Nothing-not Amaterasu or Goryuuka or Kirin-had seemed to faze them. Stone cracked and trees fell, and every piece of debris simply slid to one side or the other, leaving them unscathed. It was as if an invisible barrier surrounded them, separating them from the world.
Madness or suicide, sometimes both. Those are the calamities that befall those who attract the wrath of the Furies. Well, Itachi supposes this is suicide of a sort. He knows full well what the burning sensation in his limbs, the slow dissolution of his vision, and the increasing difficulty of his breathing mean. As he'd intended, this battle has been strenuous enough to accelerate the progress of his already-terminal disease, and the fact that he hadn't taken any of the medicines prepared for him by Rain's medic-nin over the past week isn't helping either. His calculations had been exactly correct. He and Sasuke are both on the verge of collapse, but Sasuke will recover and he will not. But in a very real sense, it can't be said that Sasuke has killed him, because Sasuke's backed up against a wall, all his chakra gone and his sword lying uselessly on the ground next to him. Itachi's death might have been hurried along by Sasuke, but the final blow will be dealt by his own failing body.
So yes, this is suicide, if one is willing to stretch the definition a little.
And madness? That also depends on the definition one wishes to use. After all, most people who know the name "Uchiha Itachi" certainly don't consider him sane.

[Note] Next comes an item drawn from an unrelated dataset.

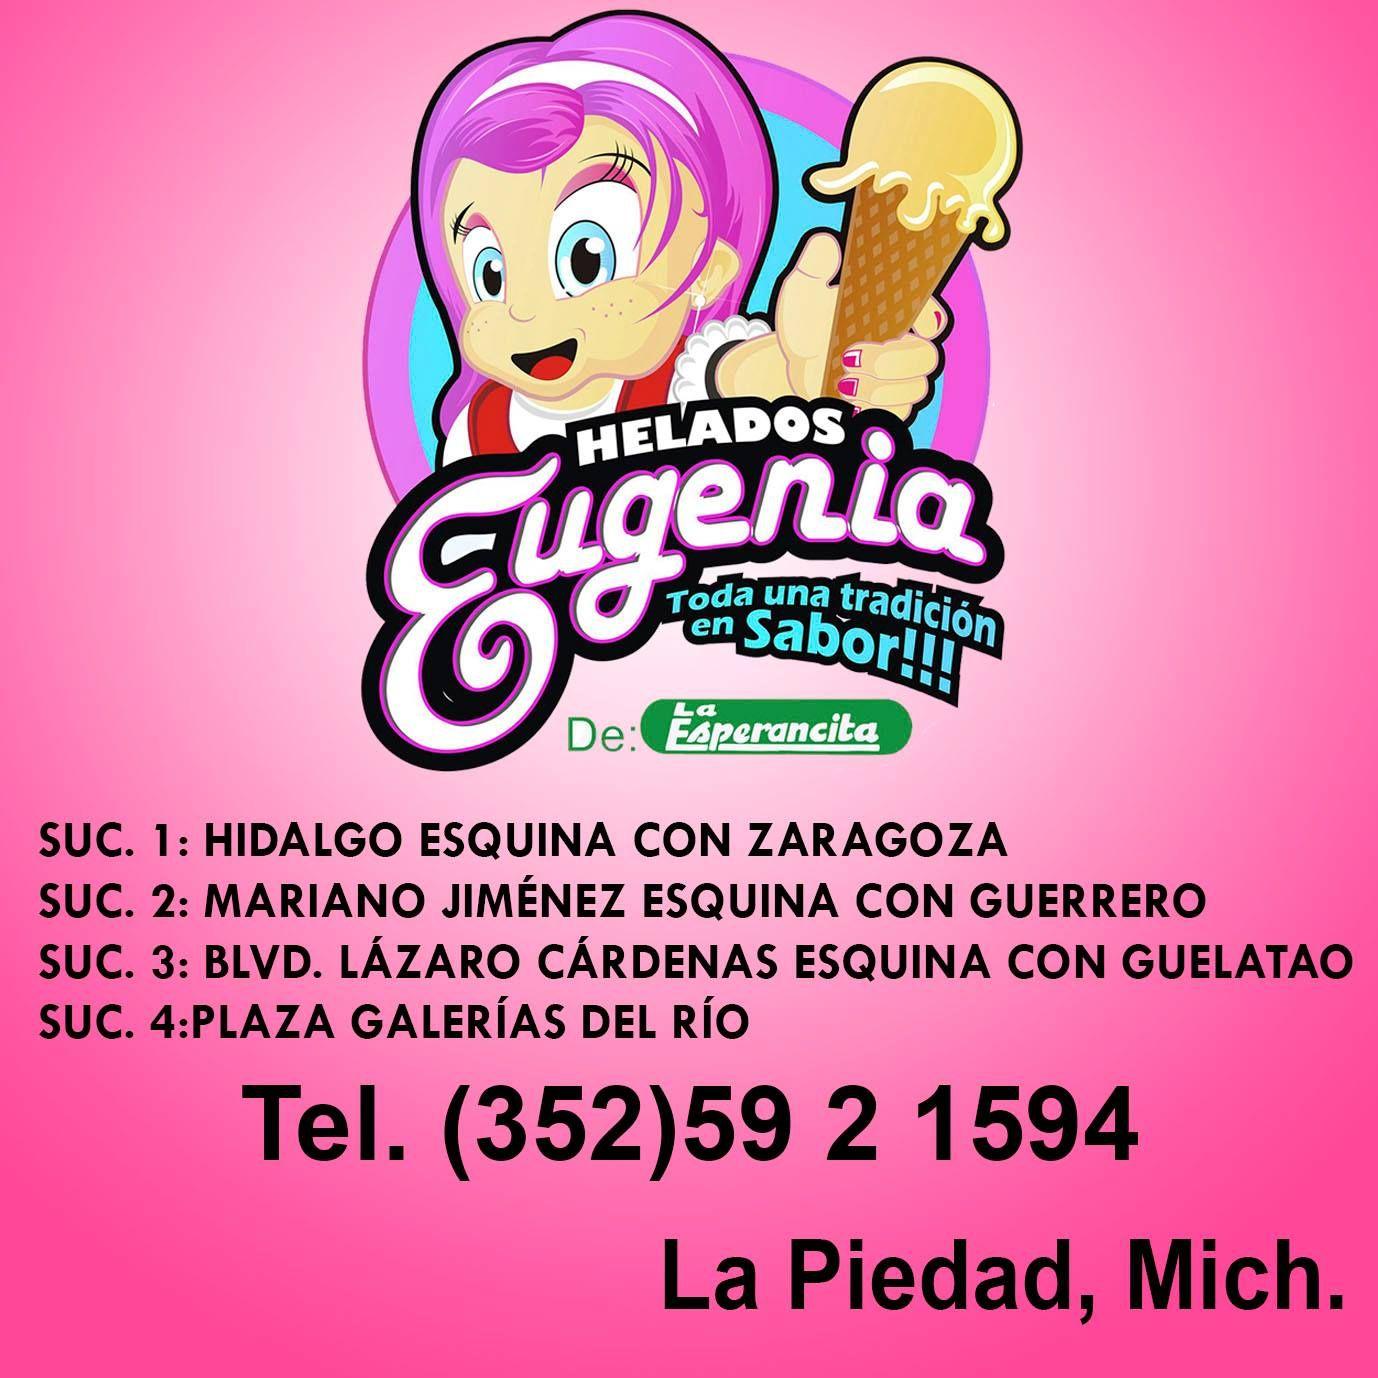 Helados Eugenia Espera Las Incre Bles Promociones Suc 1  # Muebles Lazaro Zaragoza

He looks up at the sky, with its deep gray thunderclouds and pouring rain. He would have preferred his last view of the sky to be a clear and glorious blue, but he'll take what he can get. And perhaps the rain is appropriate, in a way. It washes away all the pain and the sorrow and the mistakes of the past, making way for the bright and beautiful future that is to come.
He manages to turn his head ever so slightly to the side, to where they are standing. "You see?" says the old woman. "We've destroyed you."
Itachi thinks that this is quite true. But his destruction is his brother's salvation, so he mouths the words he no longer has the strength to speak out loud. The Kindly Ones seem surprised, possibly because no one's ever said this to them before.
Thank you.
A/N: I thought about adding this to "Dreams of the Will of Fire", but it's been so long since I finished that collection that I decided to make this a separate one-shot instead.
The title of this story is another of the names for the Furies.